Now, we can define a function for performing cross-validation.
from sklearn.model_selection import StratifiedKFold
def sm_cross_validation(X, y, models, score, epochs=500, n_splits=10, shuffle=True, verbose=True):
scores = {}
kf = StratifiedKFold(n_splits=n_splits, shuffle=shuffle)
for i, (train_index, test_index) in enumerate(kf.split(X, np.argmax(y, axis=1))):
print(f"{i+1}th Fold") if verbose else None
for m in models:
sm = SoftmaxRegressionGD(basis=m)
sm.fit(X[train_index], y[train_index], epochs=epochs)
pred = sm.predict(X[test_index])
pred, y_val = np.argmax(pred, axis=1), np.argmax(y[test_index], axis=1)
scores[m] = scores.get(m, 0) + (score(y_val, pred) / n_splits)
print(f"{m}: {scores[m]}") if verbose else None
return scores
The above uses StratifiedKFold
from sklearn.model_selection
to get indices of stratified k-fold. We can
fit models with different basis functions on each fold and compare the average value of metrics. The metrics
we will use here is weighted-average F1-score.
from sklearn.metrics import f1_score
def f1_weighted(y_true, pred):
return f1_score(y_true, pred, average="weighted")
Using all of the above, let's perform the cross-validation!
sm_cross_validation(X_train, y_train, ["model_1", "model_2", "model_3"], f1_weighted, verbose=False)
# {'model_1': 0.32254578754578755,
# 'model_2': 0.8637539682539682,
# 'model_3': 0.1835164835164835}
We can see that the model_2
, which is actually the same model we have trained before in the past article
on softmax regression, achieved the best result or lowest variance. Then, we can confidently choose model_2
to train with
the whole training data.
Hyperparameter Tuning
As we have just demonstrated above, we can use cross-validation to choose the model with the best basis function or hyperparameter. The hyperparameters are parameters of the model that are not optimized during training, and the process of figuring out the best combination of hyperparameters is called hyperparameter tuning.

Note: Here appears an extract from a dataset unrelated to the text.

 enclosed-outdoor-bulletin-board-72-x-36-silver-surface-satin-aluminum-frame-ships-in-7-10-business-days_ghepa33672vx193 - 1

Other than the basis function, there is another hyperparameter of SoftmaxRegressionGD
that we did not optimize
for, and that is the learning rate. In fact, the above cross-validation only checked the best basis functions
given that the learning rate is set to the default value of 0.001. How do we perform hyperparameter
tuning and obtain the best combination of basis functions and learning rates? There are two ways of
doing this: grid search and random search.

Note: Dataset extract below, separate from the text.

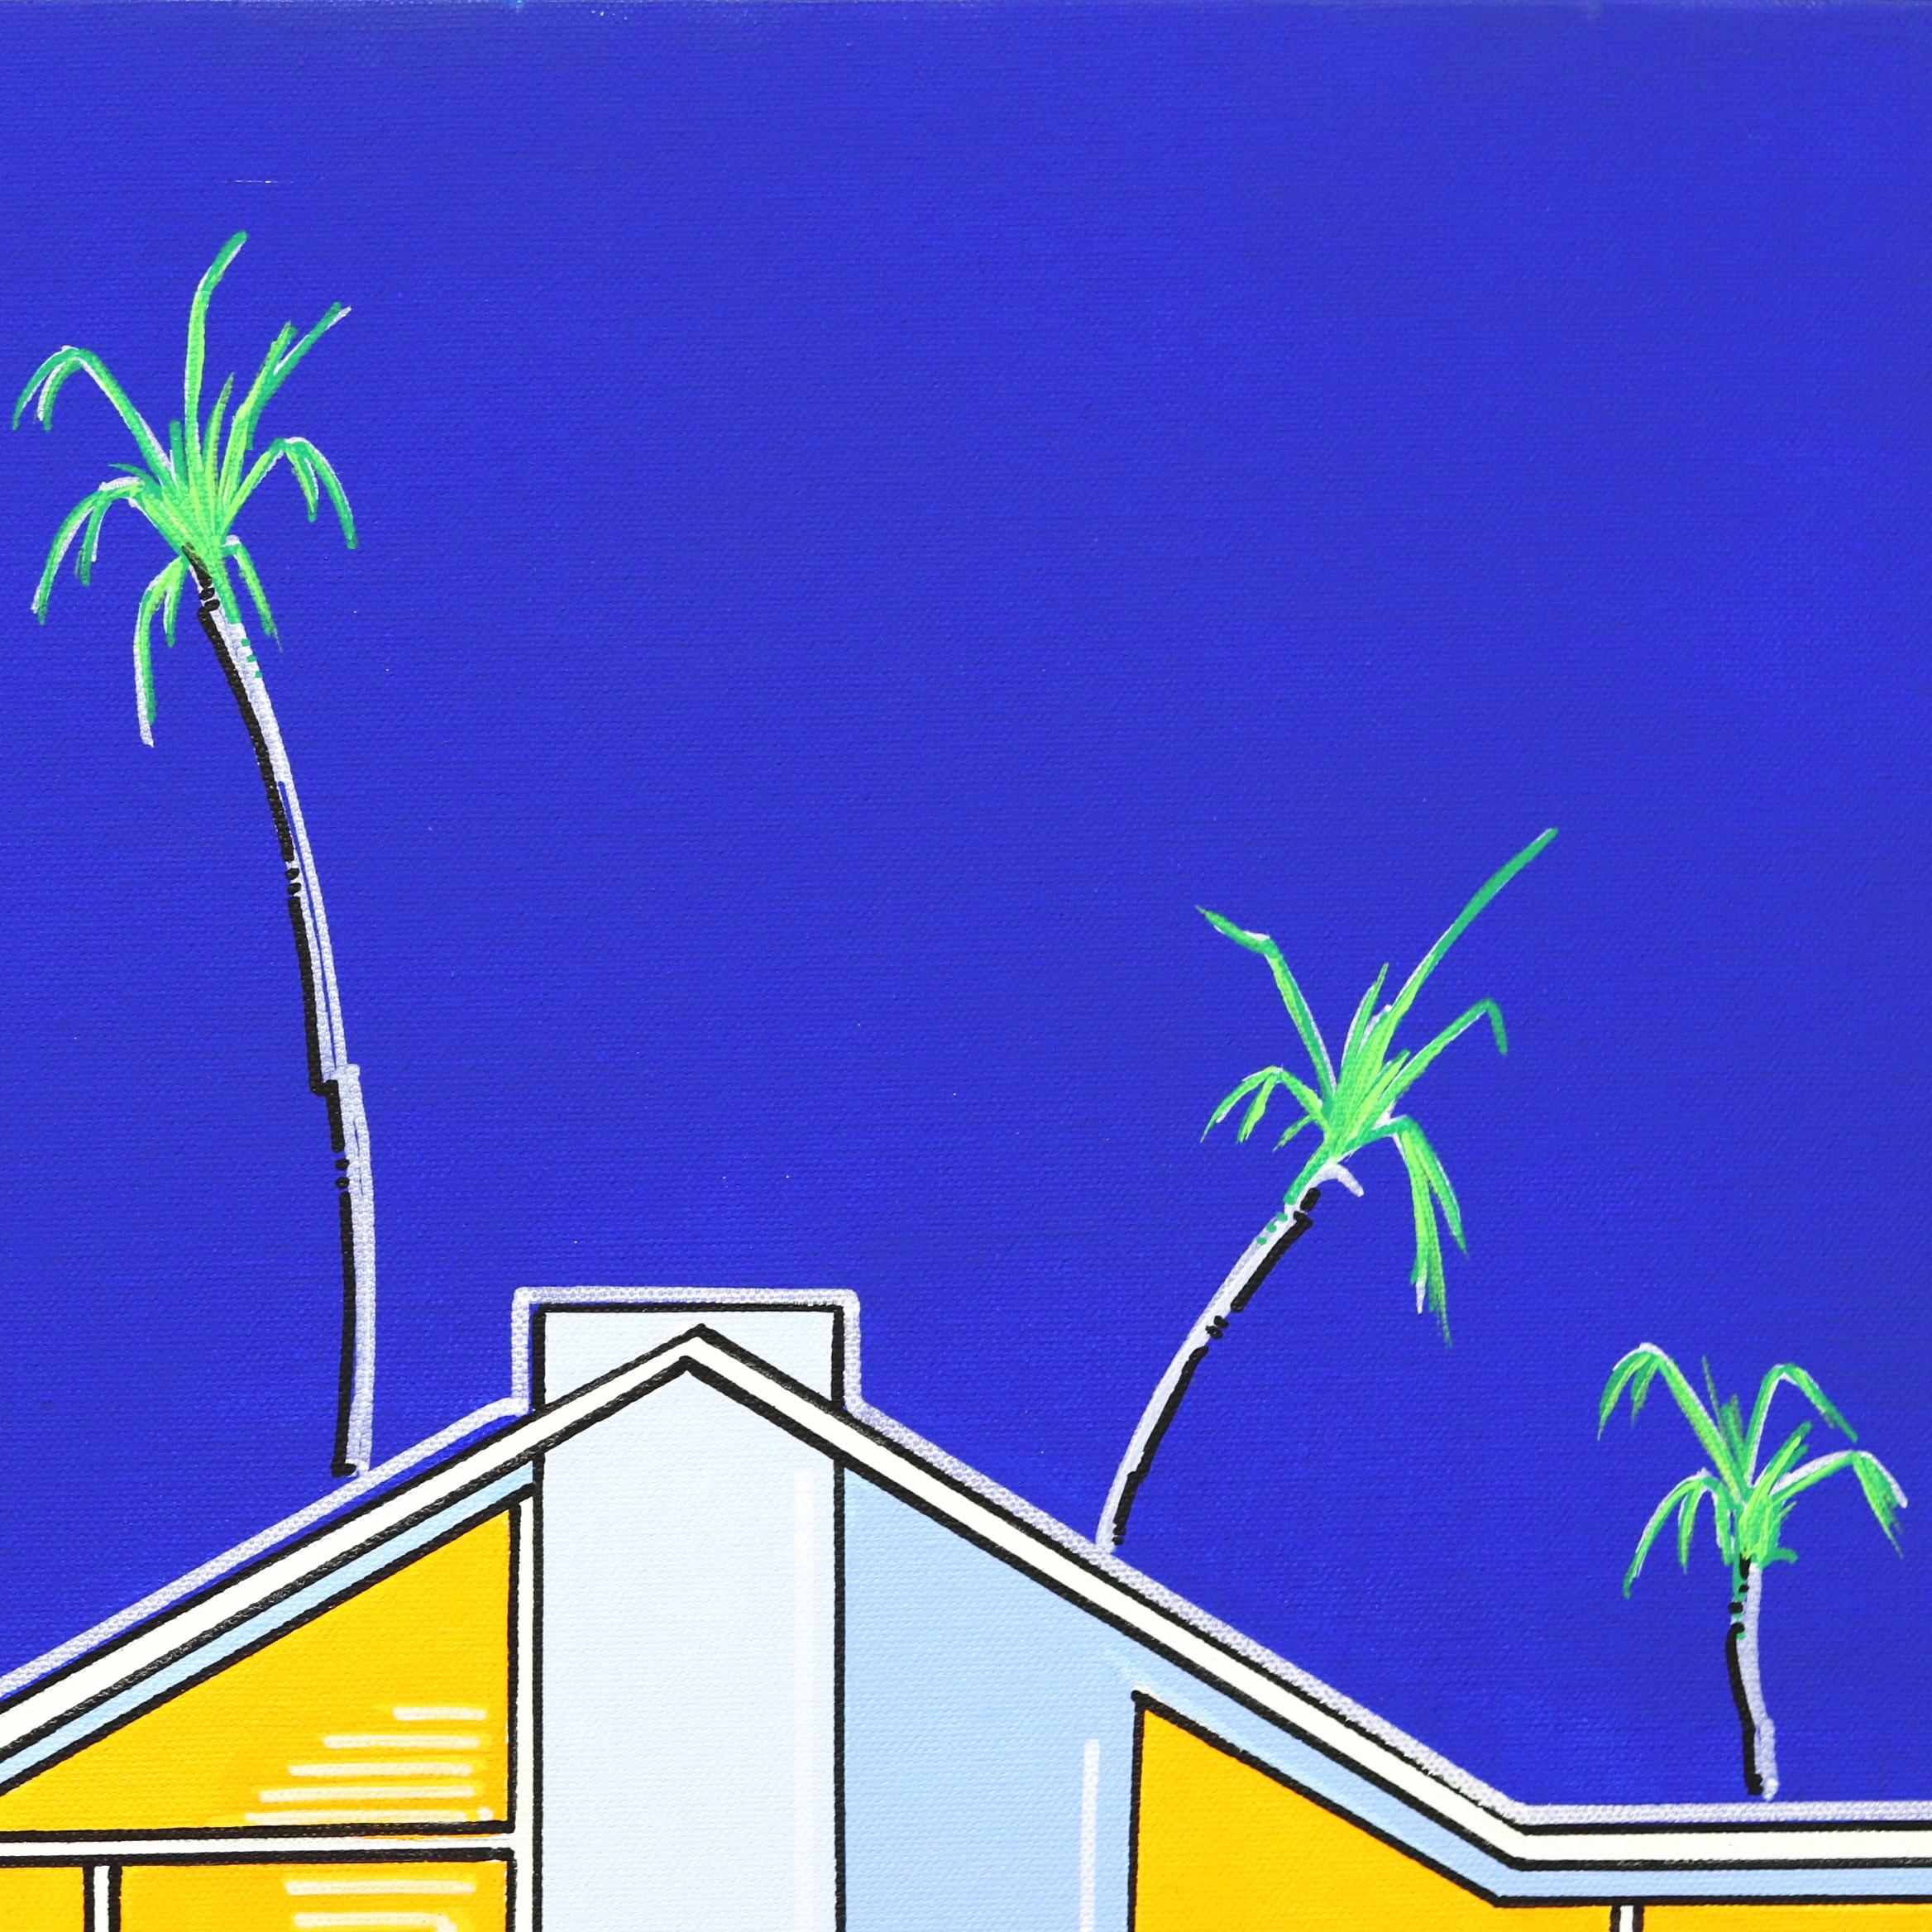 Summers 2 - Vibrant Blue and Yellow Original Modern Home and Pool Painting - Purple Interior Painting by Jonjo Elliott

The grid search cross-validation is essentially a brute force approach, which uses nested loops to test all the combinations of hyperparameters. However, some models take quite a long time to finish training or have so many hyperparameters that it is practically impossible to test all of the combinations. The random search cross-validation, instead, takes the distribution of the hyperparameters and randomly picks a few combinations to test so that we can save time while gaining insights about the hyperparameters.
Hyperparameter tuning not only helps us tackle the bias-variance tradeoff, but it also allows us to find the best set of hyperparameters in terms of how learning mechanisms like gradient descent perform. Hence, it is a great method to use when there are a tractable number of hyperparameters in a model. However, when we talk about the solutions for the bias-variance tradeoff in machine learning, we often do not talk about cross-validation and instead discuss other solutions like regularization, bagging, and boosting, which I would like to cover in future articles.